Is Loyalty About the “First Click,” Or Does That Happen Much Later?

That’s the question that’s been banging around our brains since reading an article on the front page of the Wall Street Journal on Microsoft and PC makers negotiating on the “first-boot sequence.” The article argues that in the first five to ten minutes after an OS is first installed, most consumers choose software and services they will often use for a lifetime. The comments from Microsoft suggest they think “loyalty is won at set-up.”
The quality of loyalty is an interesting one. We don’t think it’s as simple as this article suggests. We would argue that loyalty is won over time. Let’s be clear that what Microsoft is doing is using its market power to facilitate customer acquisition at the time of initial system set up. This is a huge advantage, as consumers rightly have a difficult time selecting options that are not present, and the options presented may very well satisfy their basic needs. Making subsequent changes is not easy for many users.

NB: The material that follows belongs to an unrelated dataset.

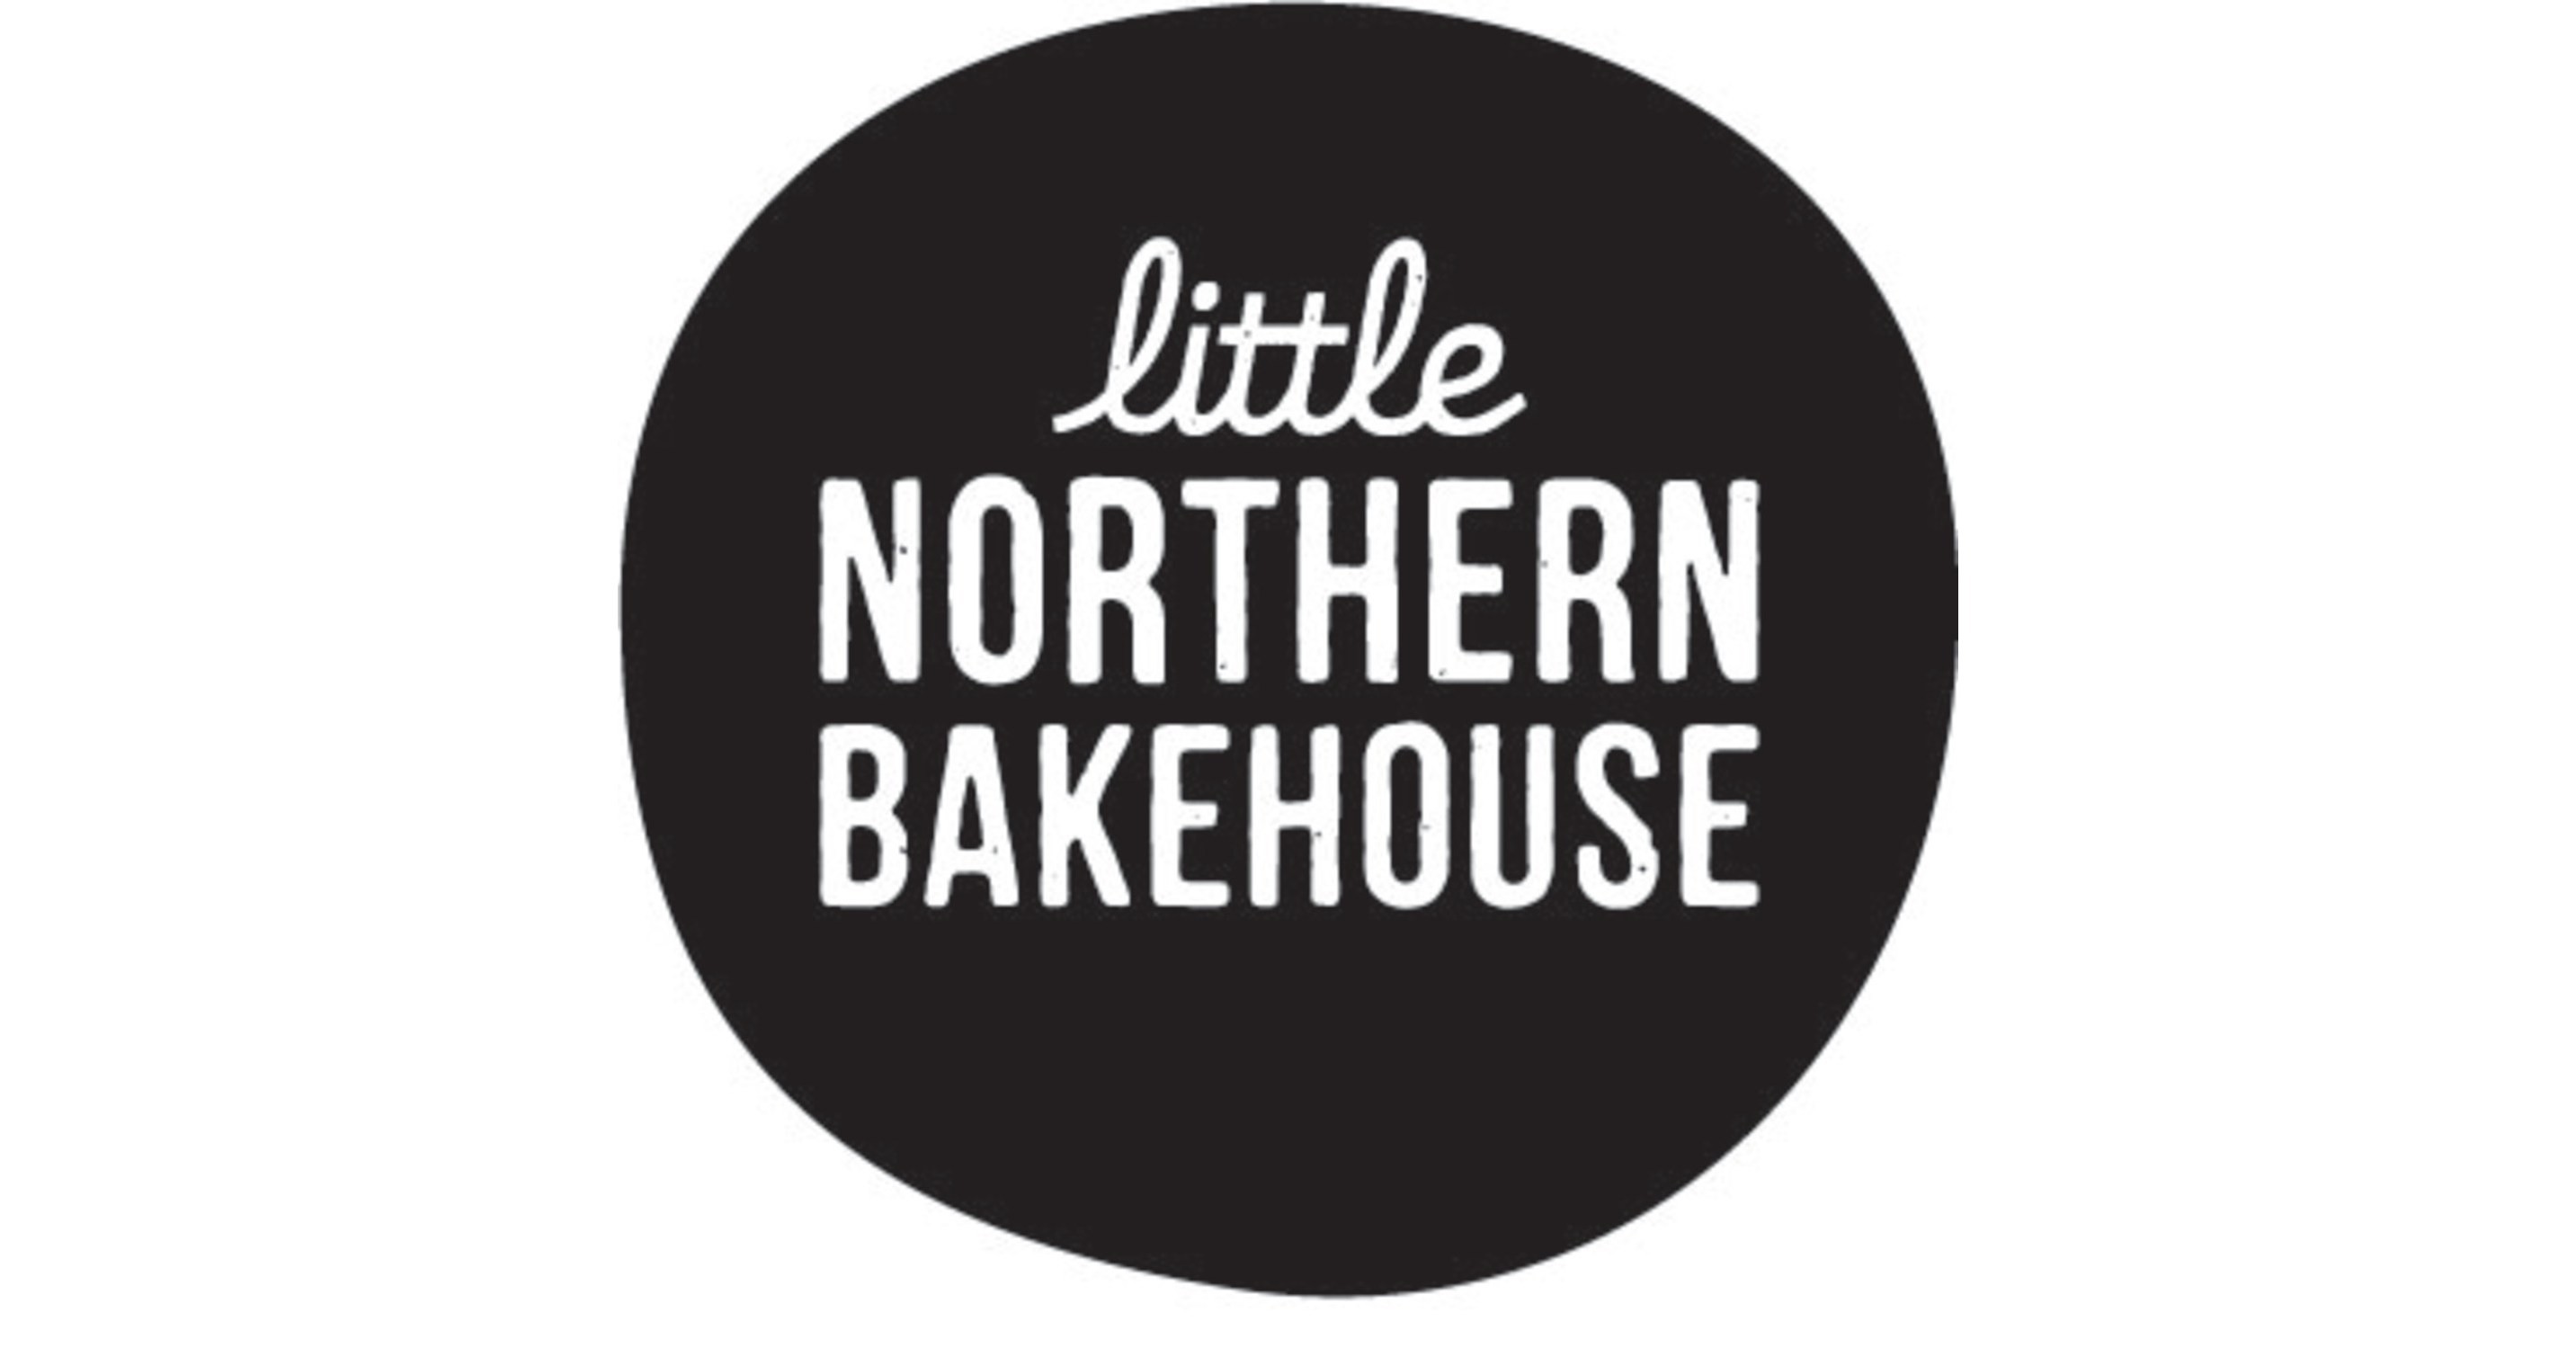 LITTLE NORTHERN BAKEHOUSE

Yet the fact is that loyalty is a much richer emotion. And requires more work to build. It’s funny to us that when marketers start to talk about consumers, they often start using the jargon such “customer relationship management” (CRM), “relationship marketing,” creating “life time value,” and “cross selling” offerings. All of these terms are meant to talk about specific ways to drive and create loyalty. But in all the jargon, the basics seem to be lost on the technology industry. Let’s hope our industry refocuses on what creates real loyalty. Here are some ideas:

  1. Be generous. Customers are like all of us. We don’t want to be nickel and dimed, and we don’t want to do that to others. We know the people who trust us and are generous with us are going to get a lot back in return. Generosity is much like love: the more you give, the more abundance there is. At up-market retailers, personal shoppers will record customers’ preferences in sizes, styles, brands, colors and price ranges and notify them when new merchandise appears or help them choose accessories. Some people could view this analytically and say this builds the business. Our answer: Duh. But it is the way in which that business is built that makes sense. Using these models builds relationships for customers whose values align with what the company offers. Thus, building relationships should focus on customers who are currently buying, are likely to remain with the company for the foreseeable future, and have acceptable levels of profitability.

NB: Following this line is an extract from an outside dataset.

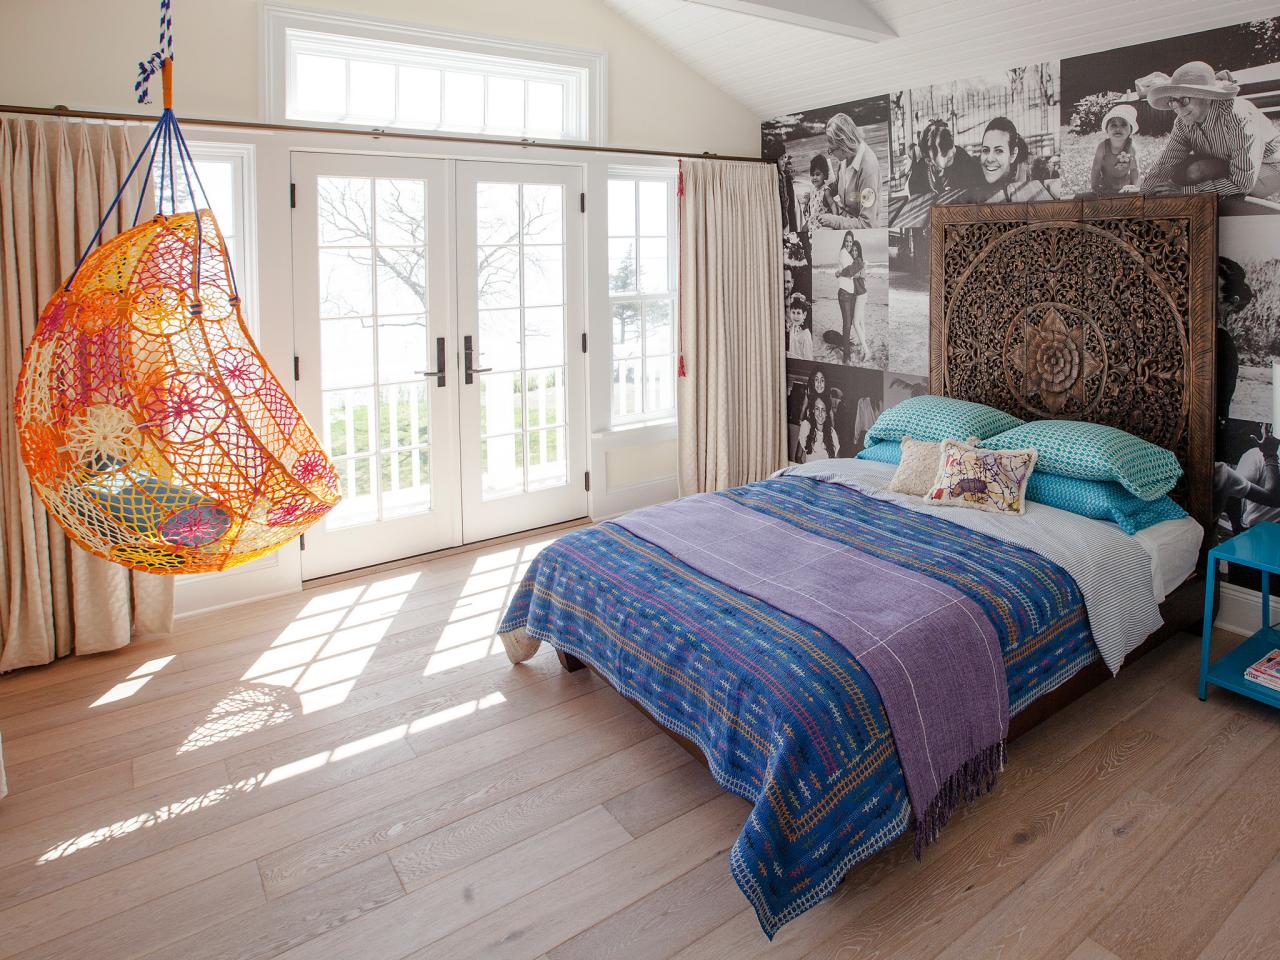 Wood Floors For Bedrooms Pictures, Rugs For Hardwood Floors In Bedrooms

  2. Resonate. Sales and service is more than a process by which we get our needs met. It is an experience that resonates with our heart, a rendezvous that engages our emotions. We’re amazed that a local vendor with well over 500 customers remembers our names, and another with less than 100 customers never does. Want to know which one we go to? Whether you’re a local provider, or doing business with millions of customers over the internet or call centers, remember that a connection can be created with many different types of tools and technology. Notice what the customer wants and then reflect that. With the increased use of the internet, companies have more opportunities to learn customers’ preferences and behavior transparently. Information that can be easily collected includes: words used in search engines to find your site (these can help understand how to categorize your services); source of visit (search engine, other sites, directory sites, portals, banner advertising and so on); individual customer measures such as number of monthly visits; time spent per visit and search patterns; orders from site; conversion (from visitor to purchaser); spending per order; and spending per visit. When marketers engage with customers collaboratively to learn customers’ preferences they engage in dialogue to help customers articulate their needs and identify how to meet those needs. Ultimately, this method should result in an ideal offering, but it can take time. The goal of the marketer in learning preferences collaboratively is to determine a way to maximize learning without frustrating customers by offering nothing back. Again, the web can be useful with online questionnaires and forms.
  3. Include. Good feelings about an offering can increase when customers have a chance to put some “skin in the game.” Think about when Netflix asks for movie feedback or when Amazon asks about “store” preferences so they can customize what you see next. The secret is to know how and when to leverage their information without violating privacy. But I promise that every customer from grandma-the-consumer to the ponytail-IT manager wants to be included. One business advantage of learning a customer’s preferences is that the company then has a record that can be used to cross-sell other products or services. For example, if a customer used personal finance software such as Quicken, then a marketer could (as a service) offer to provide credit card information in that format. This information would be useful to the customer for financial planning and would provide a rich information bank for the marketer. Marketers need to be careful with this information and build a relationship based on trust. Some businesses have natural advantages: People are more likely to trust a doctor or a bank than a supermarket. However, if relationships can be built and if the marketer provides value in return such as useful suggestions, the customer is likely to be loyal. It is easier for a customer to stay with a trusted company than to switch to a competitor.
  4. Delight. Service as it’s come to be expected is so minimal that we all get a smile on our face when we get cared for. The person who sends the thank you note still stands out in this day and age. Remember to appreciate your customer. They help you each day to do what you do. Think about how to show them that. Go above and beyond. Take the extra five minutes, leave ’em a voicemail, or send them a software update at no charge. Arrange for a book deal for your clients. In Los Gatos, where it seems you need a cute dog to own a home, the bank has dog biscuits at the counter so pets can snack while customers wait. Café Sienna, a local coffee shop owned by a man and his wife, leaves out fresh water so dogs (and their owners) can stop for a refreshing moment as they hit the trail. A hotel in London remembers the size bed, the park view, and the extra pillows Nilofer likes. She doesn’t have to ask but they always assign her to the same room if it’s available. And she stays there maybe one night a year. All of the delightful experiences stand out and form our decisions going forward. Technology companies, we have to say, get really short-sighted and have forgotten what it takes to create delight. They price optimize and forget to create delight once they have a certain amount of market momentum. And that creates opportunities for new vendors to enter the space. If you haven’t done it lately, let every client of yours know how much you appreciate them. And then think of a way to create delight.
  5. Educate. Customers need to know more and more each day. They expect service providers and software vendors to teach them. For example, I think of the latest security threats and I really want my vendor to tell me what I need to be doing to make sure my identity (and my bank savings) aren’t stolen. This is ultimately about empowerment. I thought that word got overused in the late 90’s but the fundamental concept is valid. Show customers what they can do, make them more powerful with knowledge, and they will remember you for it. It is possible of course that if you educate them, they will use that knowledge to go elsewhere. But the chances are you will learn in the process what true business needs your customers have. Hopefully, your engineering team can use these insights to keep on innovating.

But for now and for your own business, remember that customer acquisition should not be confused with loyalty. It is the first in a long series of steps. Once you’ve got a customer, you’ve got some chance to build a relationship, some chance to engage them more deeply, and work towards delight. The near-term reward in managing customer relationships is loyalty and the longer-term one is when a company can transform those same customers into advocates.